Jangan berhenti, teruslah bergerak. Sekarang menyusur ke
sebelah tenggaranya. Tetap pertahankan ketinggian di elev 214 ft. Atau agar
tidak sulit “ambil” penggaris yang disediakan di atas Google Earth dan
rentangkan sejauh 7,11 kilometer dari ‘Pentagon from Cikarang’ tersebut.
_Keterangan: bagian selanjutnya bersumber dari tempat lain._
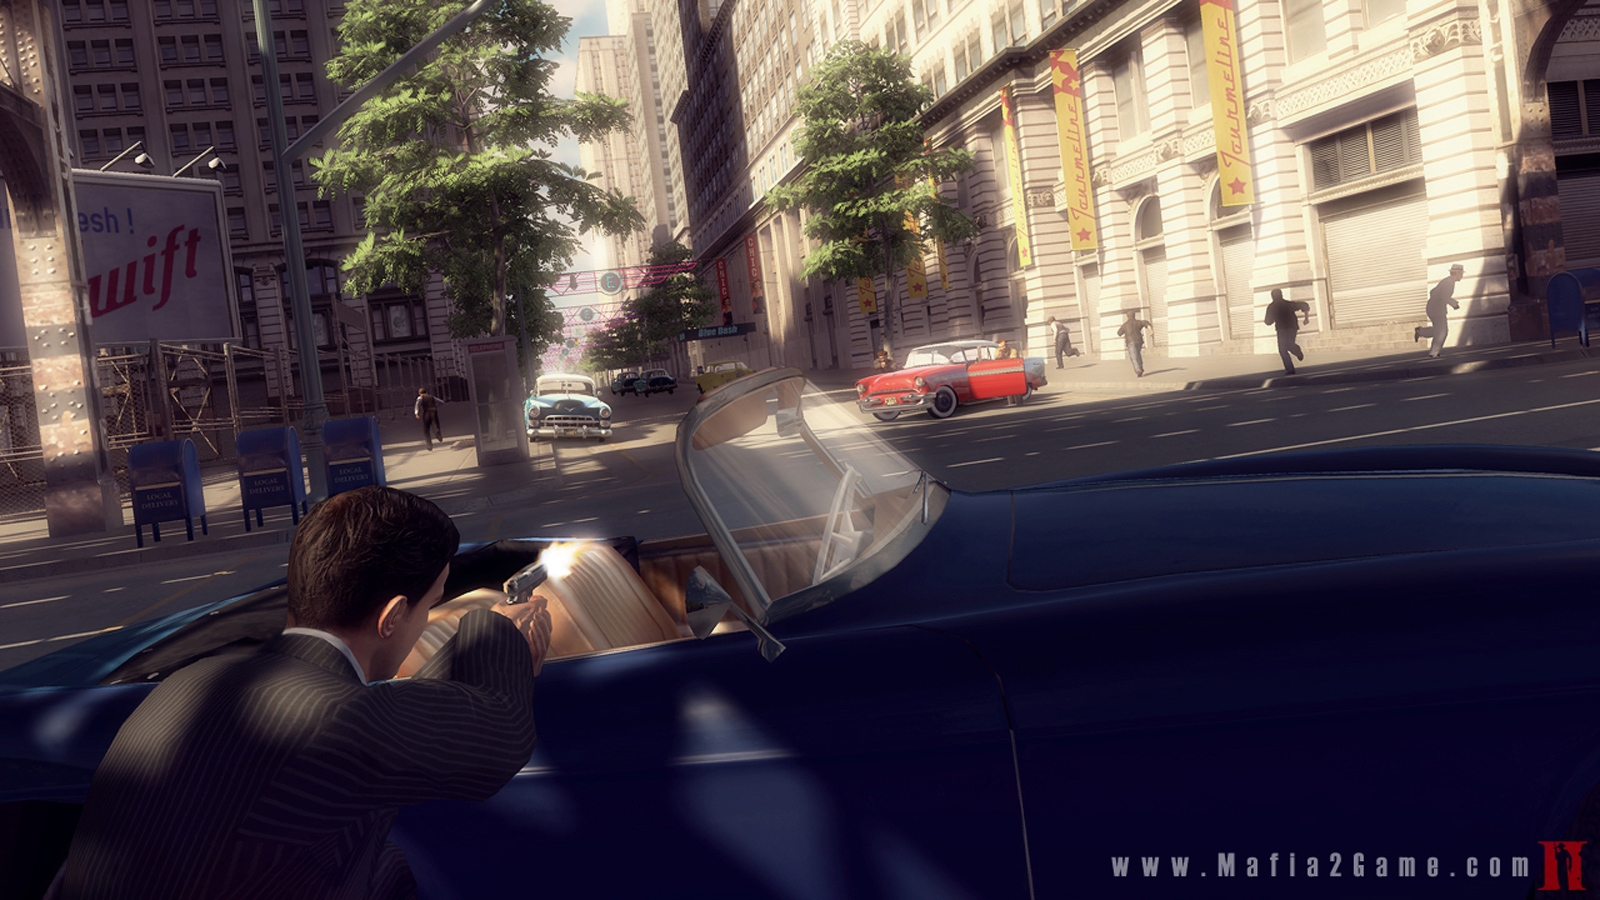 Скриншот из игры Mafia 2 под номером 15

Kalau Anda jeli, Anda akan melihat struktur bangunan yang
sangat mirip dengan Tabung atau Labu Erlenmeyer. Sebuah tabung yang lazim
terdapat di laboratorium, yang berfungsi untuk menampung larutan, bahan, atau
cairan. Labu Erlenmeyer dapat digunakan untuk meracik dan menghomogenkan
bahan-bahan komposisi media, menampung akuades, kultivasi mikroba dalam kultur
cair, dan lain-lainnya.
Mengapa ada simbol dunia medis di dalam struktur bangunan di
tenggara ‘Pentagram from Cikarang’ tersebut? Saya juga belum bisa
memastikannya.
Setelah melihat fakta di atas, mari kita kaji bersama-sama
simbol tersebut. Yang pertama adalah Pentagon atau dalam bentuk yang lain juga
Pentagram. Wikipedia menulis, “Pentagram digunakan secara simbolis pada masa
Yunani kuno dan Babilonia. Pentagram dihubungkan dengan dunia sihir, dan banyak
orang yang mempunyai kepercayaan paganisme mengenakan kalung berbentuk
pentagram. Agama Kristen pernah menggunakan pentagram dengan umum untuk
melambangkan lima luka Yesus, namun umat Kristen saat ini mengaitkan bentuk
tersebut dengan Setan…”
Kepala Baphomet di Pusat Menteng
Ada cara mudah untuk melihat bukti adanya struktur simbol
Kepala Kambing Iblis Baphomet di seputaran Taman Suropati. Ambil saja atlas
Kota Jakarta, lalu tandai lokasi Taman Suropati. Putar atlas tersebut seratus
delapan puluh derajat. Arah Utara yang biasanya berada di atas, menjadi di
bawah. Nah, sekarang lihat baik-baik seputaran Taman Suropati tersebut.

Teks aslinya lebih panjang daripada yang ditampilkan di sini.